I was sitting this evening by our family Christmas tree after putting my girls to sleep. It is a time I enjoy each evening of intentional thought and prayer on Advent. This has been a particularly revealing Advent for me in many ways, and it is of course not yet over. As we are nearing the final week in Advent, my thoughts have centered on the question of why is it, that it is so hard? . . . so hard to be intentional in thought and prayer, so hard to be focused on the true meaning of Christmas, so hard to actually allow God to do the work and not do it all myself.
It occurred to me tonight, after much reflection, a thought that has settled into my head on occasion before; it is not about me, or us, or any one person in particular. It is, however, about the body of Christ. We are all living members of that one body. We work so hard at getting it "right," finding ourselves merely scratching at the surface of what that true "right" is. And really, how is it that the right-before-our-very-eyes "right" is overlooked? I thought that I had it all figured out. I would get it all done, the shopping, the decorating, the planning, and I would then have time to truly enjoy the Advent season. I fell back into an old habit of wanting to have control over every. last. detail. of my own life. It was all done and I was ready . . . ready for my enlightening, for my peace, for my true happiness. However, I forgot one thing; Emmanuel, God with us, Jesus, our Messiah. How could I have forgotten? I had it all planned, but sadly, there was no room in the inn of my heart for the one true gift that I was waiting for. And here in this tearful realization was/is that gift that I have been waiting for. I am not in control, God is. I think that perhaps all those who have a spiritual relationship with God and who are in a constant state of Christian formation realize at some point that serving God's needs and their own needs has to be reconciled.
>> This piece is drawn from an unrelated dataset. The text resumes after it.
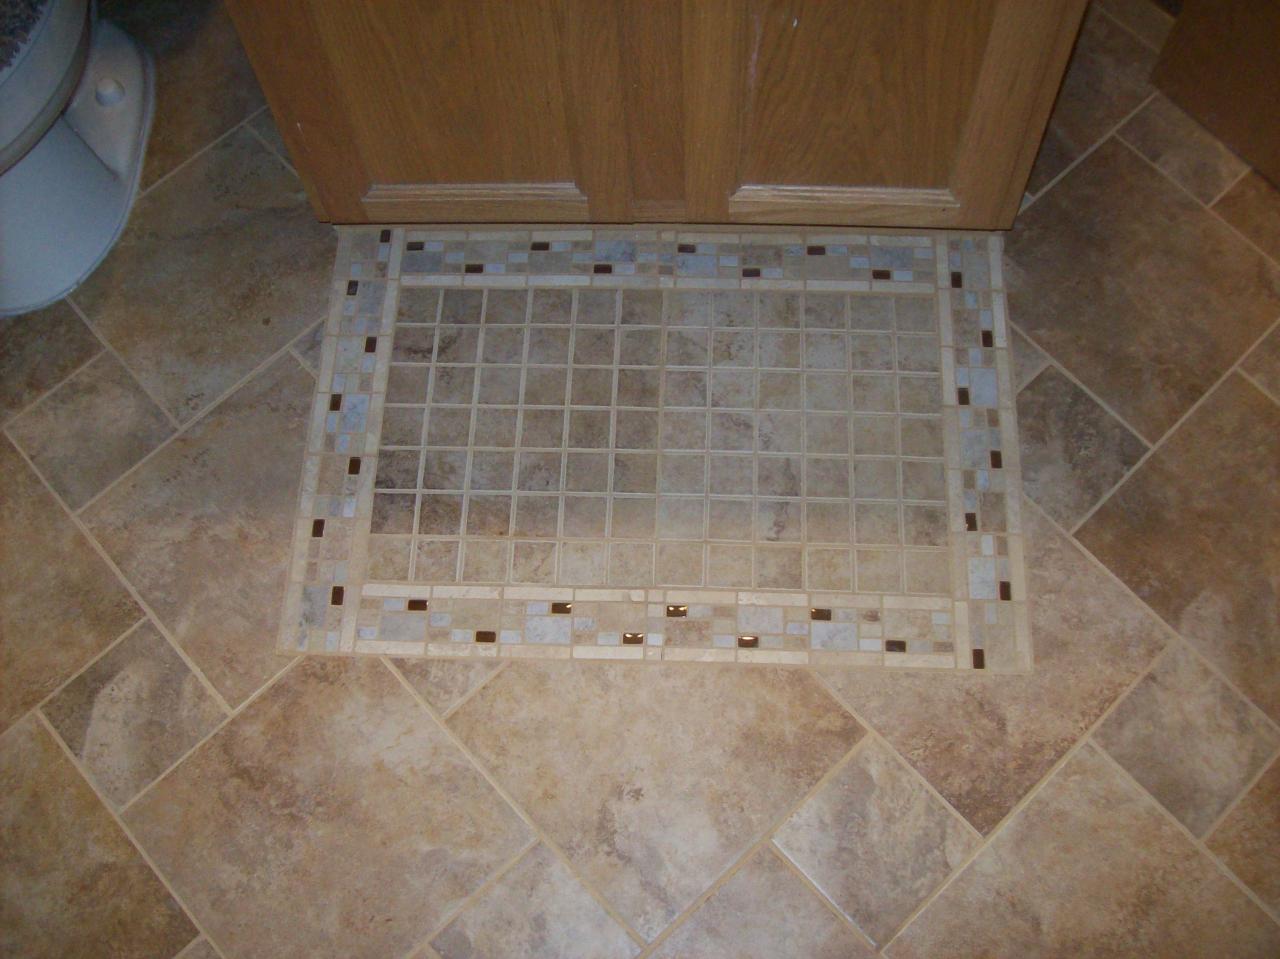 k-endearing-best-ceramic-tile-for-bathroom-ceramic-tile-for-bathroom-floors-ceramic-tile-for-bathroom-floors-not-slippery-12-x-12-ceramic-floor-tile-for-bathroom-ceramic-tile-styles-for-a-bathroom

One has to let the desire to serve self die in order to allow the true self to live. What I have only just begun to understand is that true self is God, living and breathing in each of us and the one true light that shines brightly in the wilderness of our souls. God, living and breathing inside of each of us is the Emmanuel born to us in that manger so long ago, and the one who will come again.
This intentionality in prayer and thought over what gifts God does bestow on us at Advent is one I have not practiced in the past; however, it is a practice I truly have felt has rendered me stripped of personal knowledge of what I thought I knew would come. I have found myself in a quandary of paradoxical feelings of uncertainty, yet certainness; unrest, yet peace. I do not yet know what more I will glean from this time in Advent. What I do know for certain is that only God has the answers in store for me and for all of us.